About The Patchwork Prince – Stumbling Stoned

State-sponsored drugs in the megaton range. More rice pudding than I could shake a spork at. And a little padded terrarium of my very own.

If you’d told me yesterday that, come morning, I’d be hunted by the police, the mob, the supernatural (and a cat), I’d have laughed in your face. Granted, I’d have laughed in your face regardless (Clozapine gives me the giggles). Then I’d have gone looking for your flying DeLorean in the nuthouse parking lot.

An epic misadventure involving drugs, sorcery, cannibalism, love and other necessary evils.

My Thoughts

Stumbling Stoned is a celebration of a particular brand of surreal : quirky, violent, gross, chaotic – an excited celebration of drug culture , that embraces the transgressive, the outrageous, the dangerous, the unconstrained, the unpredictable. Like Mad Magazine on steroids, it races through its 300 odd pages with the wild and gleeful abandonment of familiar novelistic restraints (such as a semi-coherent plot, or a single arc of reality, or regard for a particular genre). Mafia bosses and a psychiatrist vie for attention with witches and a zombie skeleton. There are lapses of time and place and person. The hero can accidentally eat and then vomit up an assailant’s finger. He occasionally has superpowers.

If you search this book for moral nourishment, you will find thin pickings. At one point our hero sides with an abducted damsel rather than the sex traffickers who are abducting her (well done!) though there are no great heroics and most of the victims he leaves behind. He’s on a quest for a sense of identity, which I guess is creditable in a psychological novel. There may be other creditable moments but they don’t, in retrospect occur to me. It’s not that sort of book.

On the other hand, it is sharp and slick in its writing and the author is clearly witty. Much of the book is ‘actually’ amusing (in that rather contentless way that stoned people often ‘imagine’ they are being amusing). And it is, it would appear, a thoroughly ‘novel’ novel, and ‘once off’ is something of a recommendation (though the promise of a sequel – this is only book one – rather undermines this premise). But let me give it the benefit of the doubt. It is no more absurd than Buster Keaton or the Marx Brothers, no more drug crazed than much of Coleridge, no more elusive in its narrative arc than Alice in Wonderland. Perhaps one day, like them, it will gain a cult following or be treated with reverence as a classic. Such elevation is slightly more plausible than its plot, so I award these stars to mark my place in its history in case that happens. Future enthusiasts: I was here before you were.

About the Author

André van Wyck is a South African-born writer and law school graduate. Despite the hardships of earning coffee money, and in between yelling at Duolingo, he perseveres at his passion: writing.

“When I started The Waking Worlds series, it was as an exercise in exorcism – a way to rid myself of this ‘writing nonsense’ and get back to my nine-to-five… It did not work out so well.”

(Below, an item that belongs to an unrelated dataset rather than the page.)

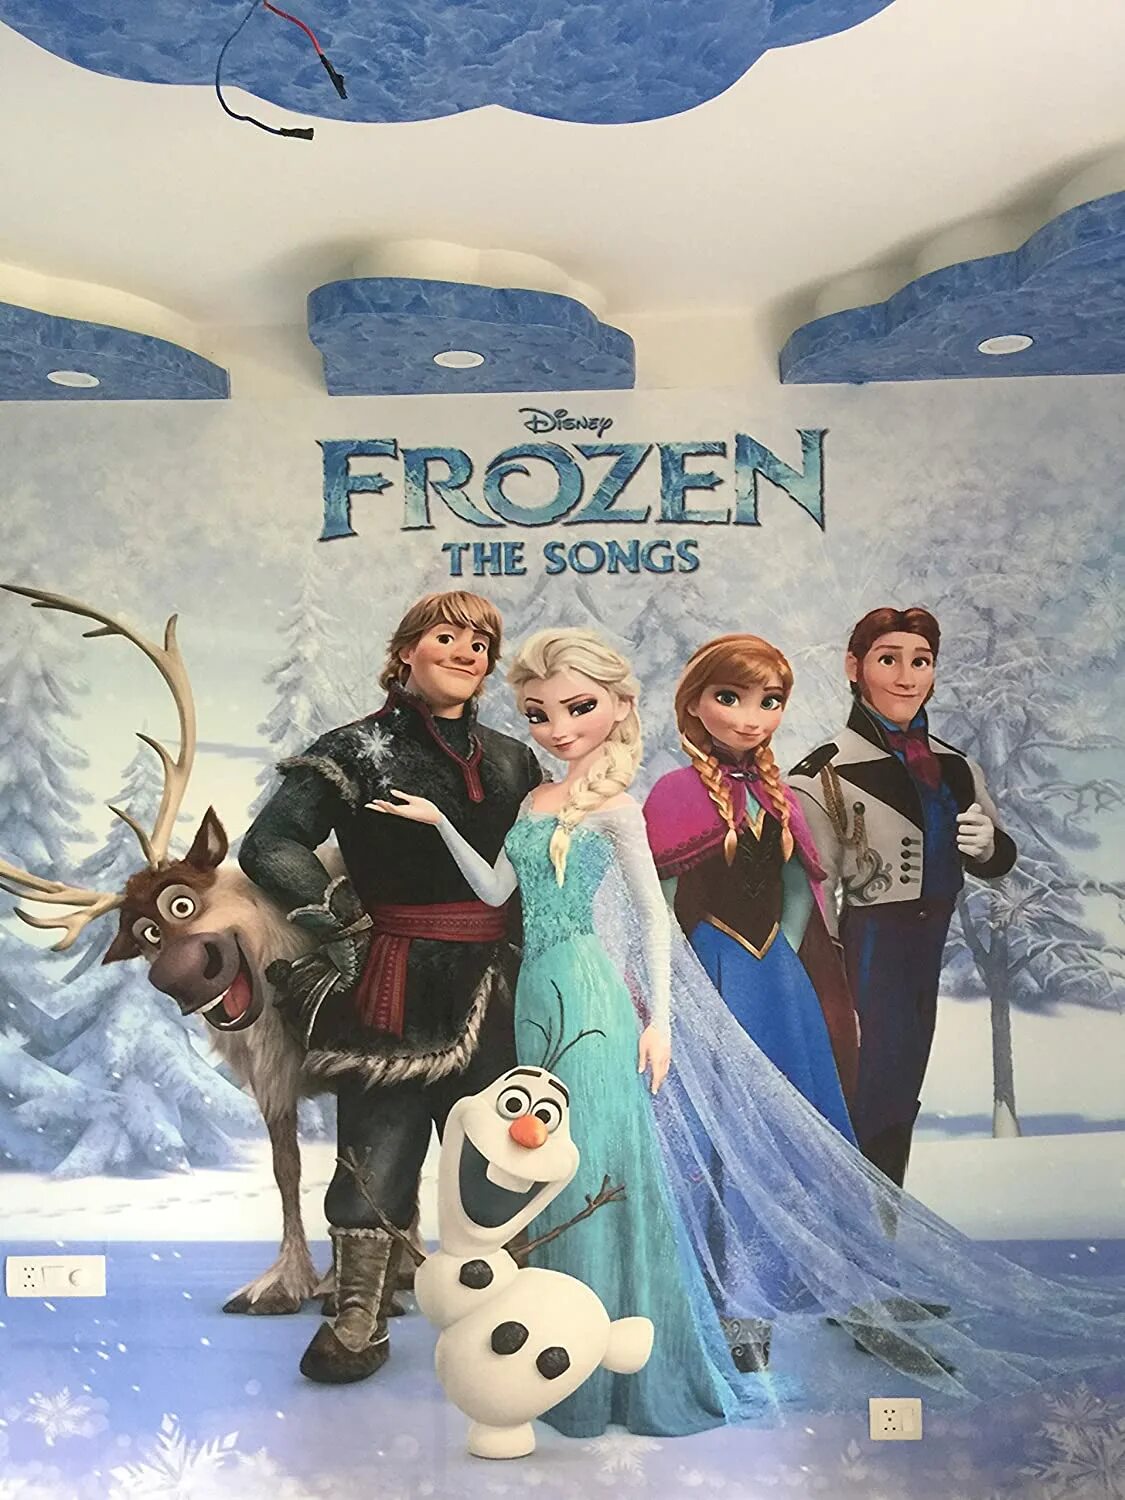 Spirit of the frozen. Frozen Soundtrack. Frozen 3 Soundtrack. Frozen Soundtrack album Vinyl. Disney Frozen Soundtrack Vinyl.

His debut novel, A Clatter of Chains, published on Amazon’s Kindle Store in 2016. The supposed palate cleanser (before starting the second installment) turned into a book in its own right and delayed publication of A Fray of Furies considerably. Stumbling Stoned was published in 2018 and advanced to the semi-finals of the vaunted Booklife Prize.

André lives in Luxembourg, with his Industrial Psychologist wife and imaginary pet rock.